• _Work to complete_
Across the entries below, how many lines contain the string "Home"? Only the number is wanted.

[Dataset records]

▶

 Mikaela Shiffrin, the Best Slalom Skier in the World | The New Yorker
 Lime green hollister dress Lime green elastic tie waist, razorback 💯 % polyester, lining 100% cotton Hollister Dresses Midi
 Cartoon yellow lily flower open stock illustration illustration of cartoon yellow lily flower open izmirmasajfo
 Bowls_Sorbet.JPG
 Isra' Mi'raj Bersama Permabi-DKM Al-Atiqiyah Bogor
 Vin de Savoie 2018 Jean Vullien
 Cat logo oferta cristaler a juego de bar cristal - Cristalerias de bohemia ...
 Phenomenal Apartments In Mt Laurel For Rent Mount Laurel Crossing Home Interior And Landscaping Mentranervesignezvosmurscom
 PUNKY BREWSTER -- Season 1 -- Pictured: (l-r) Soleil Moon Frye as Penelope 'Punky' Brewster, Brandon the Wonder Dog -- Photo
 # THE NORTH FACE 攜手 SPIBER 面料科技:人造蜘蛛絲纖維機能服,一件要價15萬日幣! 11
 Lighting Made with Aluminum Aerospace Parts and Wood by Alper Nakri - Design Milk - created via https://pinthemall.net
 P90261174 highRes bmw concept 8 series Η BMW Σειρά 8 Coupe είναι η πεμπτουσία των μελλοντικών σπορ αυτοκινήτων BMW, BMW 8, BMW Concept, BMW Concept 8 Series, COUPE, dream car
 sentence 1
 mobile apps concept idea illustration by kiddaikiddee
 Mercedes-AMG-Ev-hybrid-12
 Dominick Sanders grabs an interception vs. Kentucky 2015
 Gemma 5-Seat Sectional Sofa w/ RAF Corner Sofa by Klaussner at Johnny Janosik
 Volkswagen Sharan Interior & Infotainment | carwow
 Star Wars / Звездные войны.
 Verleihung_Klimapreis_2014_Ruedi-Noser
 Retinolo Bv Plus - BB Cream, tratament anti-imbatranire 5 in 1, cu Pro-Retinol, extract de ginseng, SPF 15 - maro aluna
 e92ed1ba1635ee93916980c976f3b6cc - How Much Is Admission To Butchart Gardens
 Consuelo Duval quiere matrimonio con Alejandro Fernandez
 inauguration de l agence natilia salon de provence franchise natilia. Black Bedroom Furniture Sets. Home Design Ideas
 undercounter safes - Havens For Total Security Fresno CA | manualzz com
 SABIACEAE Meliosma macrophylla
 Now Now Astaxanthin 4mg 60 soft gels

◀

• _Exercise result_
2